Latest Updates in Indian Taxation Laws (AY 2025–26)

As the new Assessment Year (AY) 2025–26 approaches, taxpayers, professionals, and businesses must stay informed about the latest updates in Indian taxation laws. The Union Budget 2025 introduced several significant amendments impacting both individuals and corporations. These updates in tax law AY 2025-26 aim to improve compliance, encourage digital transactions, and simplify the tax system.

This article outlines the recent amendments in Indian tax law, including the latest direct tax changes 2025 and other taxation law changes 2025 India that you need to be aware of.

 


Revised Income Tax Slabs Under New Regime

 

One of the most notable AY 2025-26 tax law updates is the revision of tax slabs under the new tax regime.

Income Range

Tax Rate

Up to ₹3,00,000

0%

₹3,00,001 – ₹6,00,000

5%

₹6,00,001 – ₹9,00,000

10%

₹9,00,001 – ₹12,00,000

15%

₹12,00,001 – ₹15,00,000

20%

Above ₹15,00,000

30%

While the old regime remains available, the government continues to incentivise the simplified new regime.

 

Increased Standard Deduction

 

The standard deduction for salaried individuals has been increased from ₹50,000 to ₹75,000 under the new regime. This change is designed to bring more parity between the two regimes and provide relief to middle-income earners.

 

Enhanced Limits for Section 80C and 80D

 

To promote savings and insurance coverage, the government has proposed increased deduction limits:

  • Section 80C: Enhanced from ₹1.5 lakh to ₹2 lakh
  • Section 80D (Health Insurance): From ₹25,000 to ₹40,000 for individuals and ₹50,000 to ₹60,000 for senior citizens

This is part of broader recent amendments in Indian tax law encouraging financial planning.

 

Changes in Capital Gains Taxation

 

One of the latest direct tax changes 2025 involves changes to capital gains computation:

  • Indexation benefits on debt mutual funds have been removed if held for less than 36 months.
  • Taxation on gains from digital assets like cryptocurrency continues at a flat 30%, but the threshold for TDS has been increased from ₹10,000 to ₹25,000 annually.

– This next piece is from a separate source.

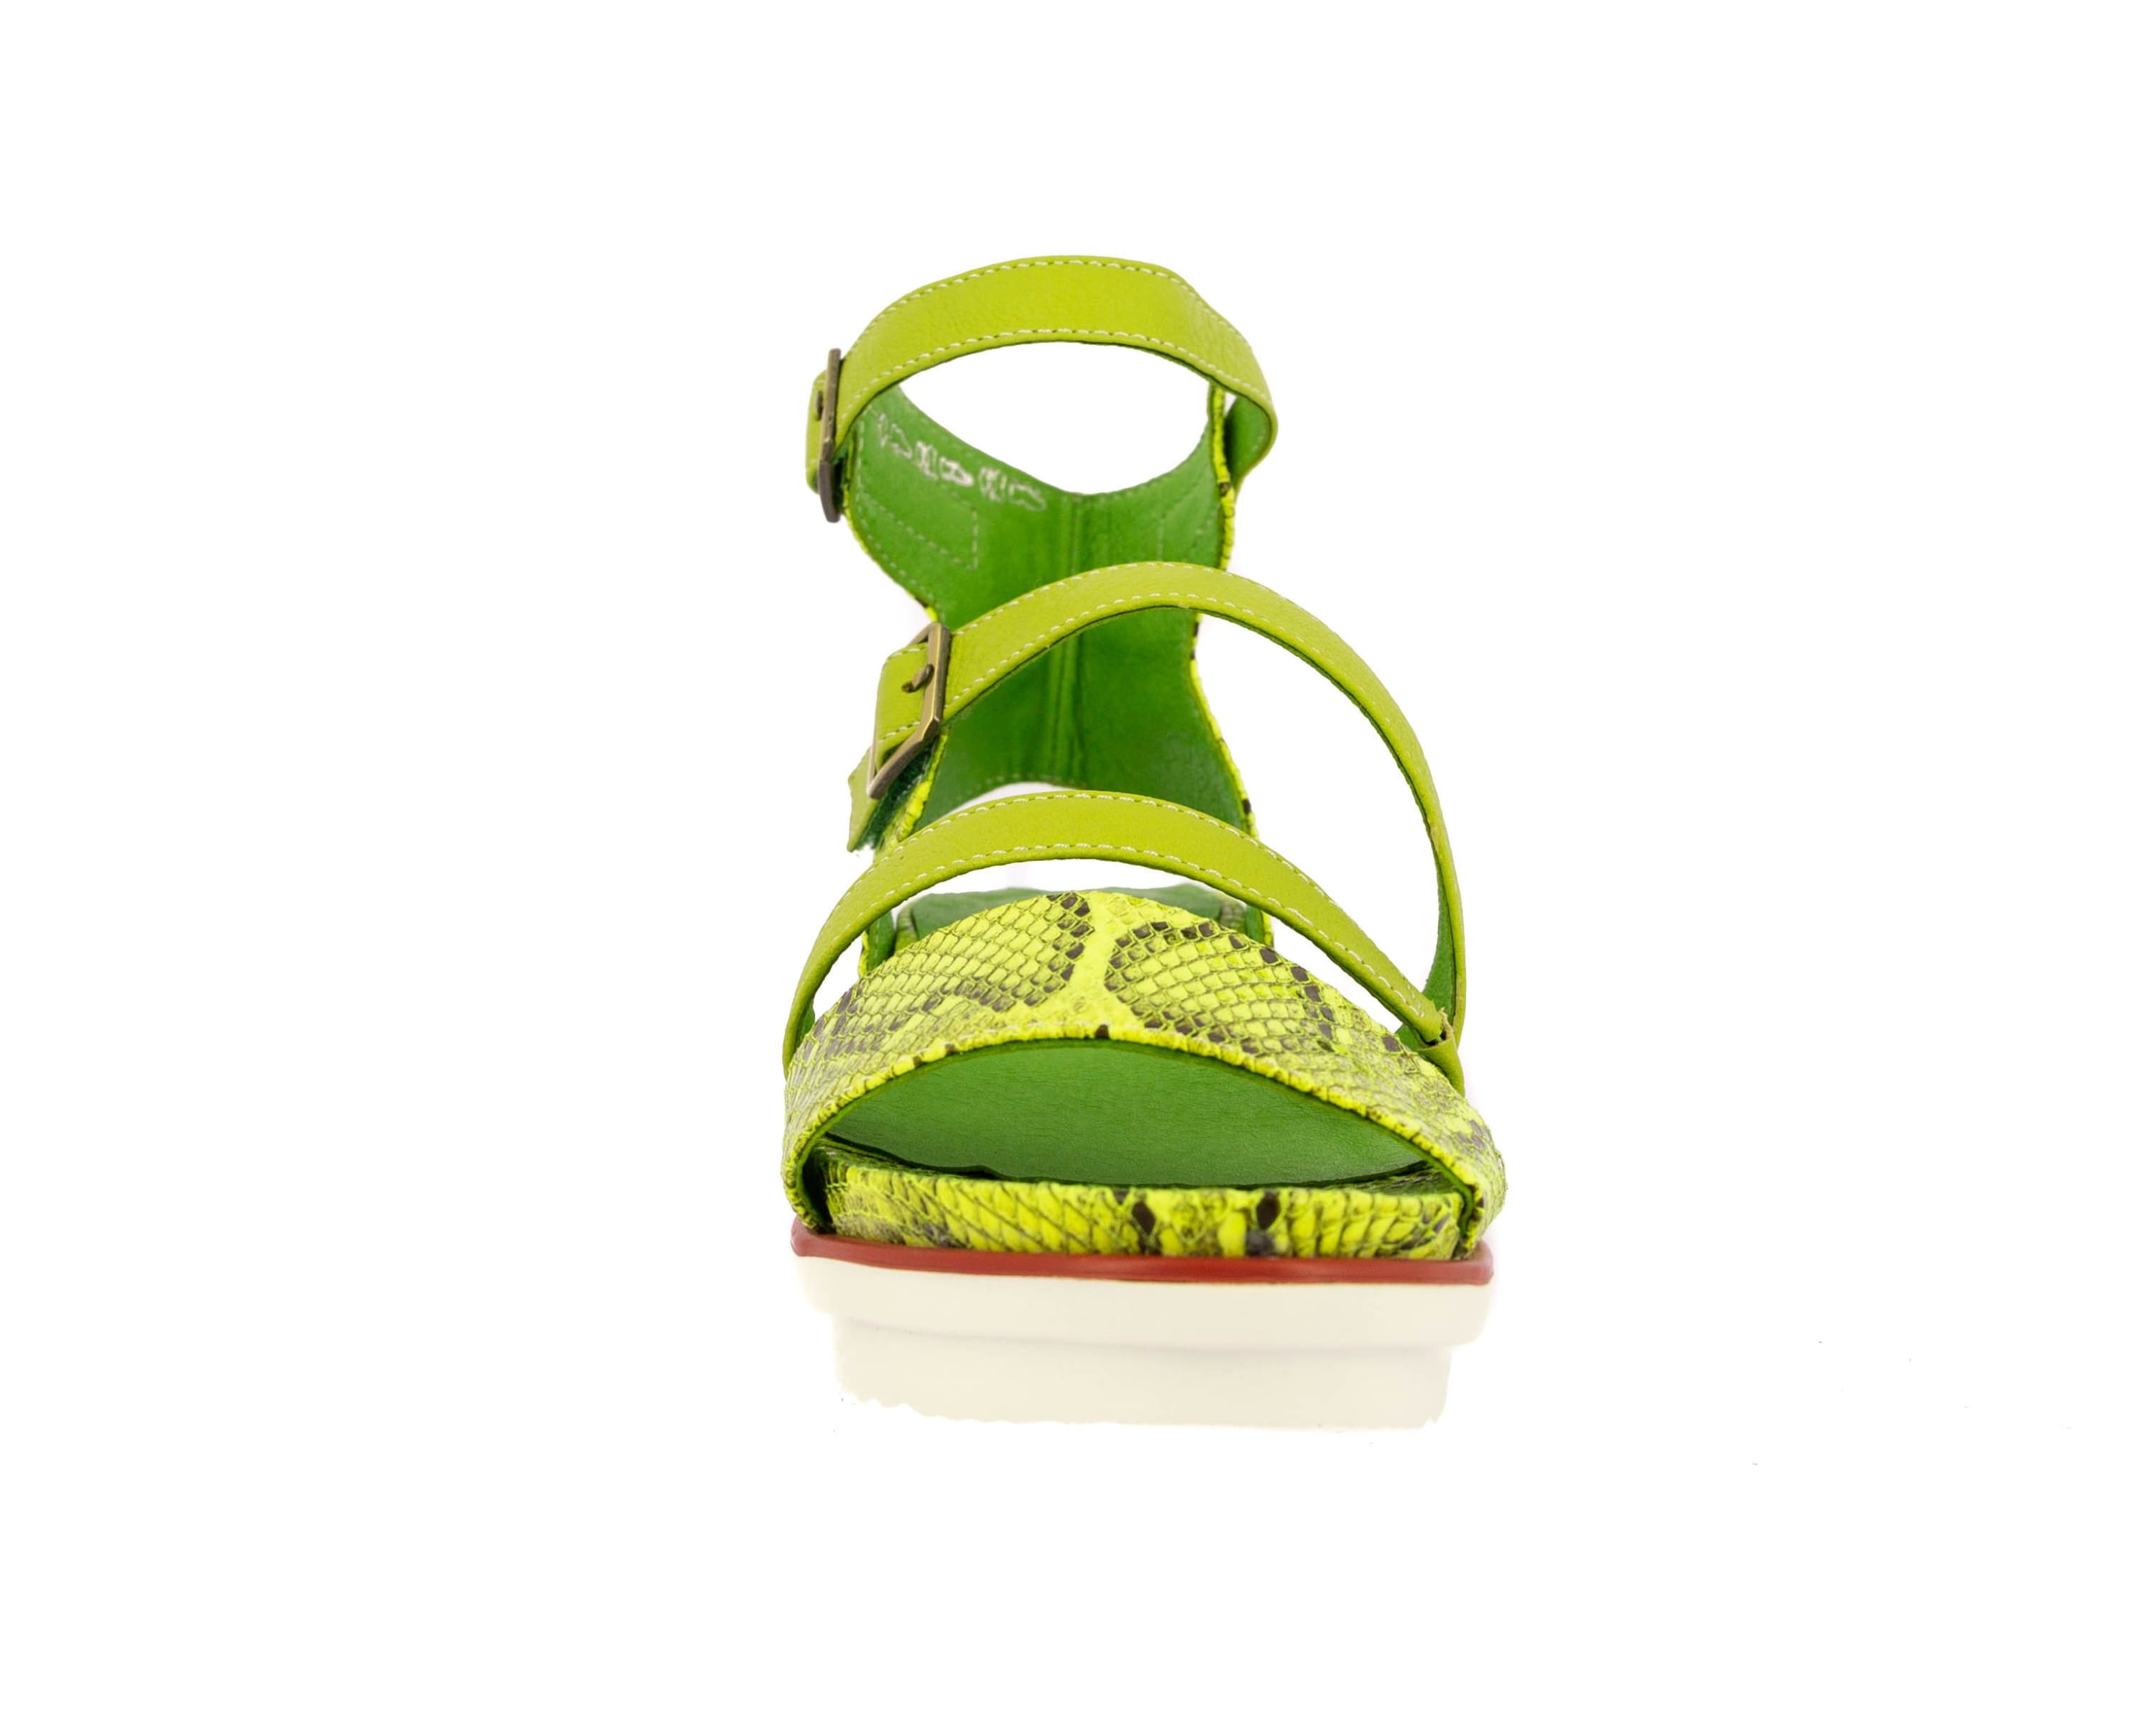 DICEZEO 01 Zapatos - Sandalia

The taxation law changes 2025 India aim to discourage short-term speculative investing while improving digital asset tracking.

 

Presumptive Taxation Limit Raised for MSMEs and Professionals

 

For small businesses and professionals opting for presumptive taxation:

  • The turnover limit under Section 44AD has been increased from ₹2 crore to ₹3 crore.
  • For professionals under Section 44ADA, the limit has been raised from ₹50 lakh to ₹75 lakh.

This change supports ease of doing business for small taxpayers and reduces their compliance burden with our Tax Expert.

 

Faceless Assessment Expanded

 

The scope of faceless assessments has been extended to more categories of taxpayers, ensuring transparency and reducing harassment. Taxpayers are now required to respond digitally, with minimal interface with assessing officers.

 

TDS/TCS Modifications

 

New TDS/TCS rates and thresholds have been introduced:

  • TCS on foreign remittances above ₹7 lakh remains at 20%, but education and medical remittances are now taxed at a reduced 5%.
  • TDS on online gaming winnings continues at 30%, but with enhanced tracking mechanisms.

These updates in tax law AY 2025-26 reflect the government’s intent to monitor high-value transactions more effectively.

 

Mandatory Filing for High-Spenders

 

A new rule mandates ITR filing for individuals who:

  • Spent more than ₹4 lakh on foreign travel
  • Paid electricity bills above ₹2 lakh annually
  • Have bank deposits exceeding ₹1 crore

This aims to widen the tax base and bring more high-spending individuals under the tax net.

 

Final Thoughts

 

The latest updates in Indian taxation laws for AY 2025–26 reflect the government’s continued focus on widening the tax base, increasing transparency, and simplifying compliance. Whether you're a salaried individual, small business owner, or investor, it's crucial to adapt to these Indian taxation laws 2025–26 and make informed financial decisions.

Staying up to date with the 2025 India taxation law changes ensures you remain compliant and take advantage of available deductions and benefits.